Søren Rosenbak: We need to see pata-designers coming out of education
Ivica Mitrović talks with Søren Rosenbak, designer, researcher and educator, about the present pandemic and the current state and future paths of Speculative Design.
Photo by Yanina Shevchenko.
Dr. Søren Rosenbak is a designer, researcher and educator, currently working as Design Lead at Laerdal Medical, where he is designing state-of-the-art e-learning experiences for the future of nursing education. Søren has a broad background in design practice, particularly Design Fiction and Interaction Design, coupled with storytelling and filmmaking. He completed a practice-based PhD in Industrial Design from Umeå Institute of Design in 2019, showing how design can be conceived of as a science of imagining solutions. Across his different practices, Søren finds that the magic happens at the intersection of imagination and participation, when design anticipates and gives shape to futures with, rather than for, people. He continues to consult, publish, and mentor from this very junction, and also facilitates an open-ended conversation around the ways in which design research has failed.
In a recent tweet you were looking at Speculative Design works related or referring to the current pandemic crisis. What is the role of Speculative Design now, when we are already living in what may seem like a dystopian future? Has Speculative Design in any way prepared us for this crisis?

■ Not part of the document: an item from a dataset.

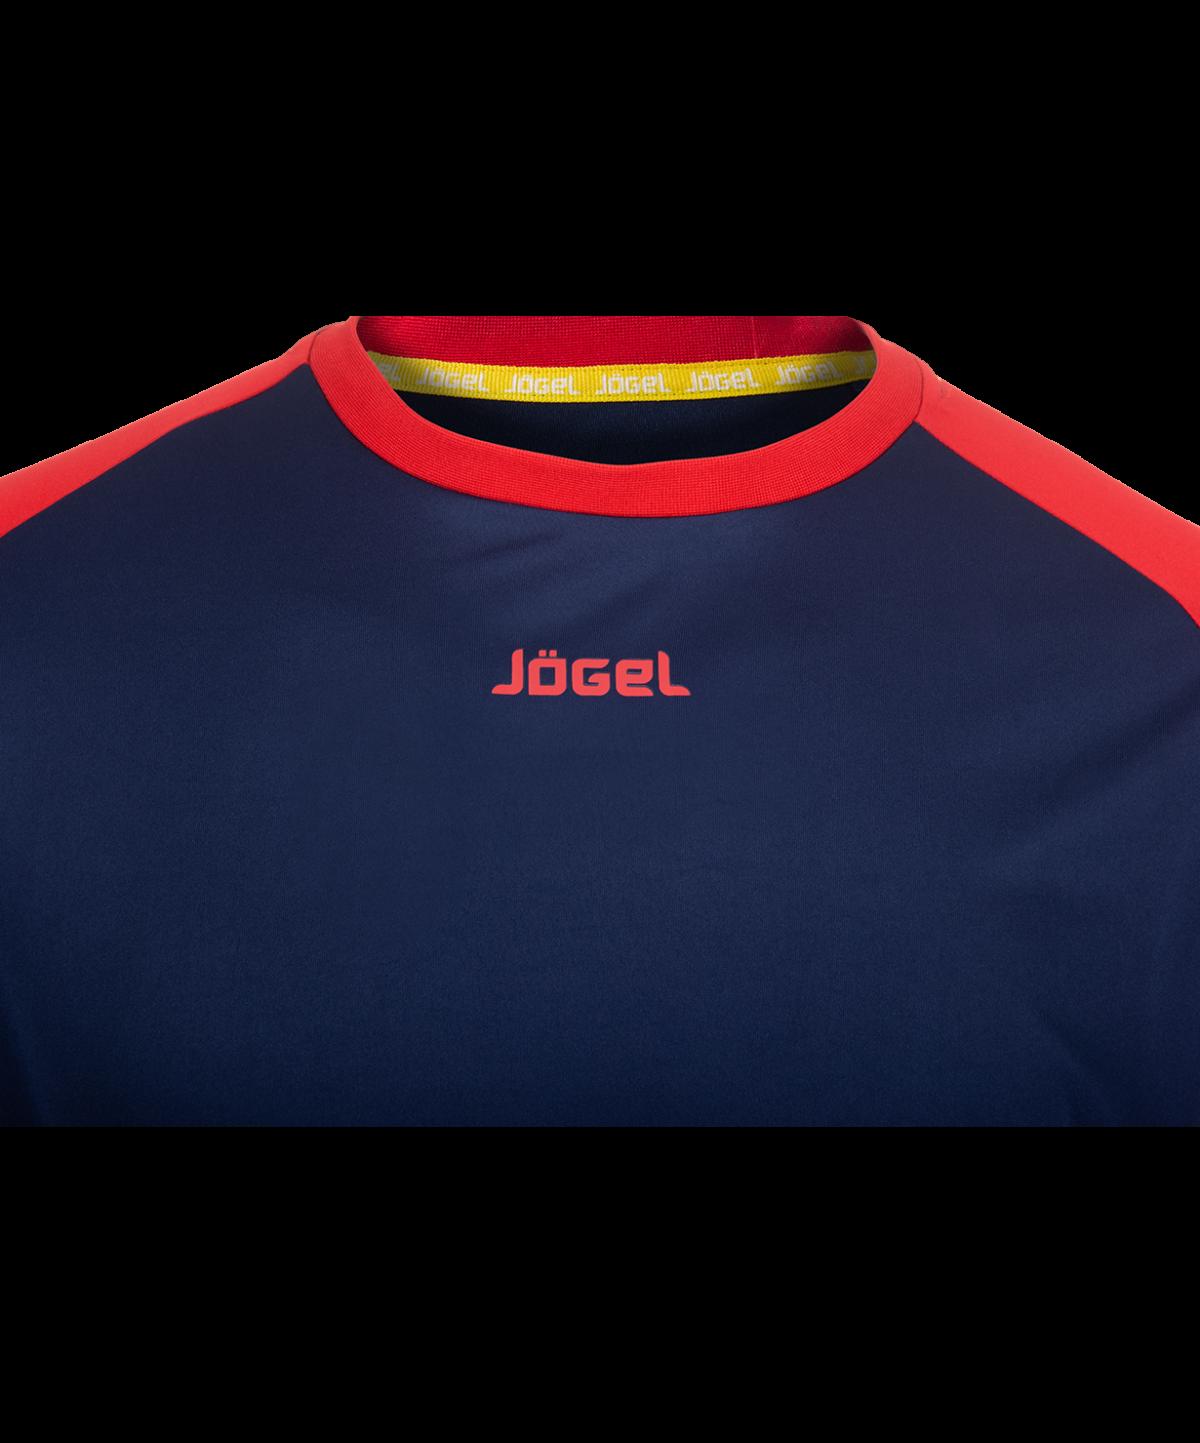 JOGEL Футболка футбольная, темно-синий/красный  JFT-1011-092 - 3

When contemplating the current pandemic, I think it’s worth asking whether we—as a global interconnected community—have not been living out dystopian futures for quite some time already? I certainly think the ebola outbreak in West Africa in 2014-16 classifies as an example. Or the Republic of Kiribati in the Pacific Ocean being swallowed by the rising sea levels caused by climate change. Writing from a Northern European perspective, I think much of what is happening in this moment has to do with the West getting to grips with this fact in a really embodied, immediate and deep sense.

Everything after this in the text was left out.